(Information shown):

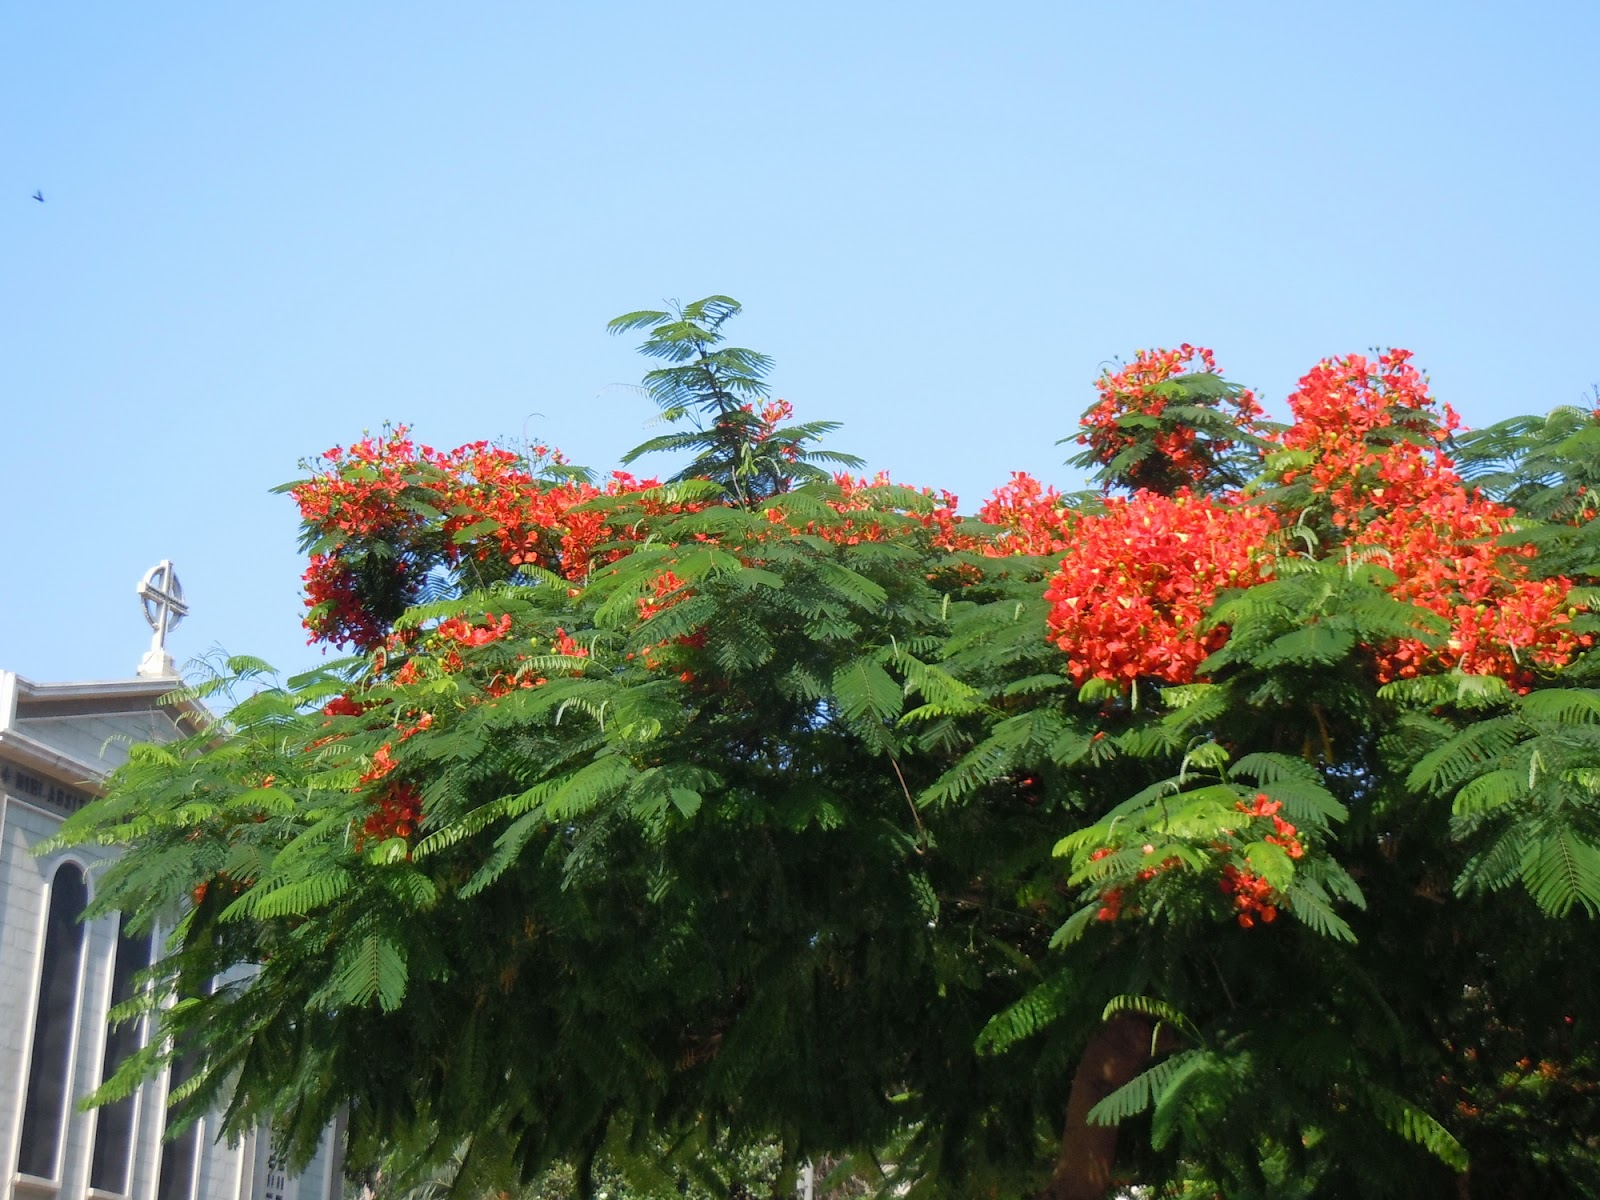 Sans gluten beyrouth du flamboyant beyrouth hamra rouge - Arbres a fleurs rouges ...
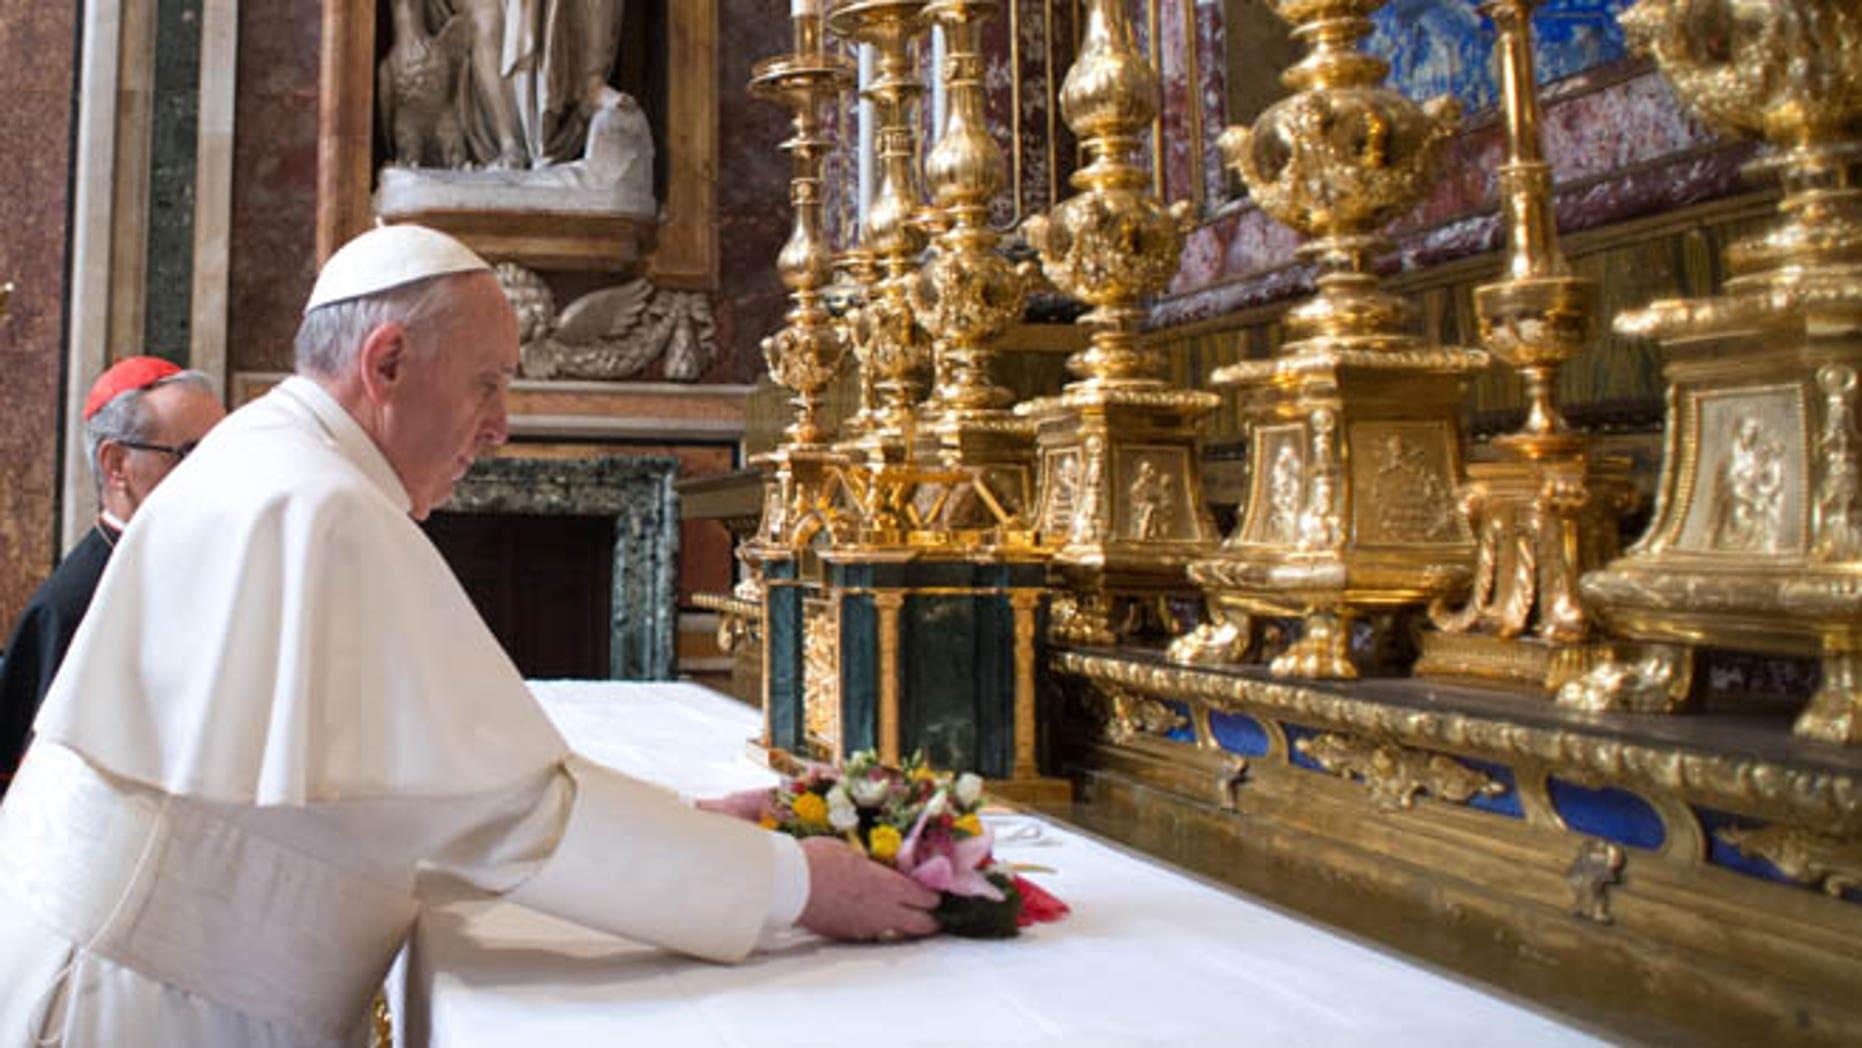 March 14, 2013: Pope Francis makes a private visit to the 5th-century Basilica of Santa Maria Maggiore in Rome.
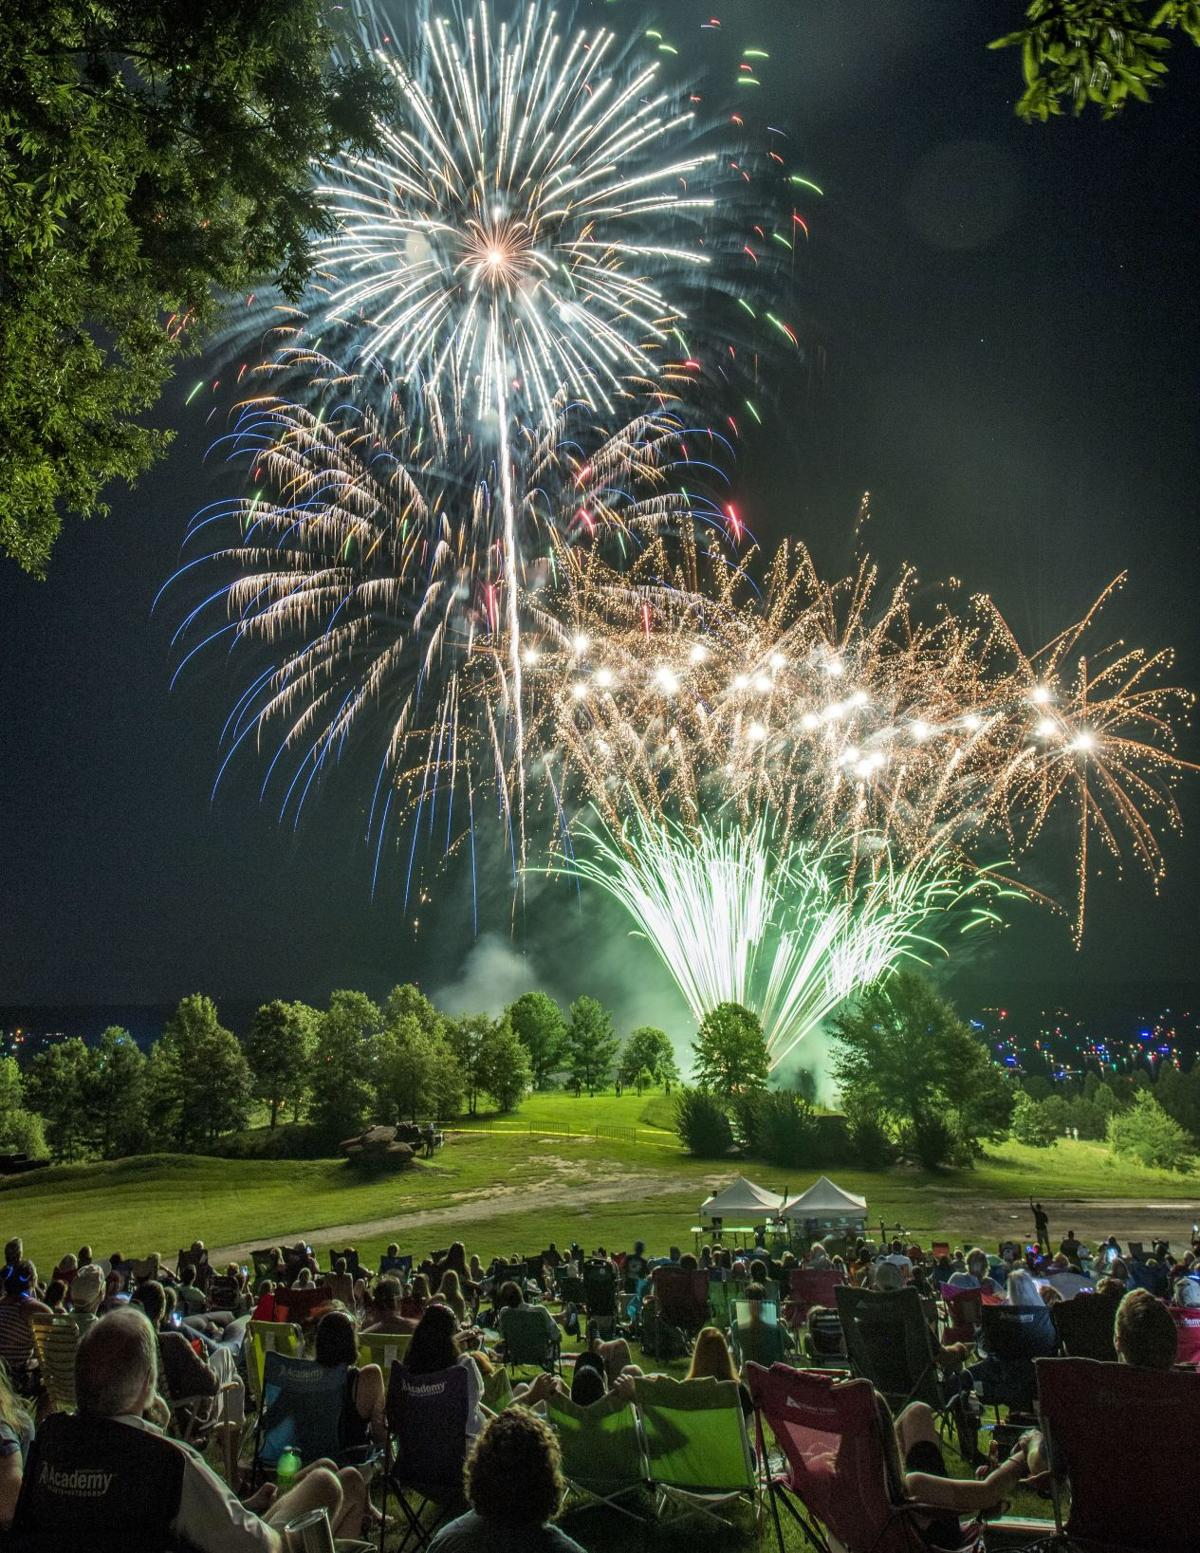 Fireworks_2039_20170704.tif

(Your assignment):
Please repeat, exactly as written, only the lines from the line with "March 14, 2013: Pope" to the end of the data, leaving out every picture.

(Solution to the exercise):
 March 14, 2013: Pope Francis makes a private visit to the 5th-century Basilica of Santa Maria Maggiore in Rome.
 Fireworks_2039_20170704.tif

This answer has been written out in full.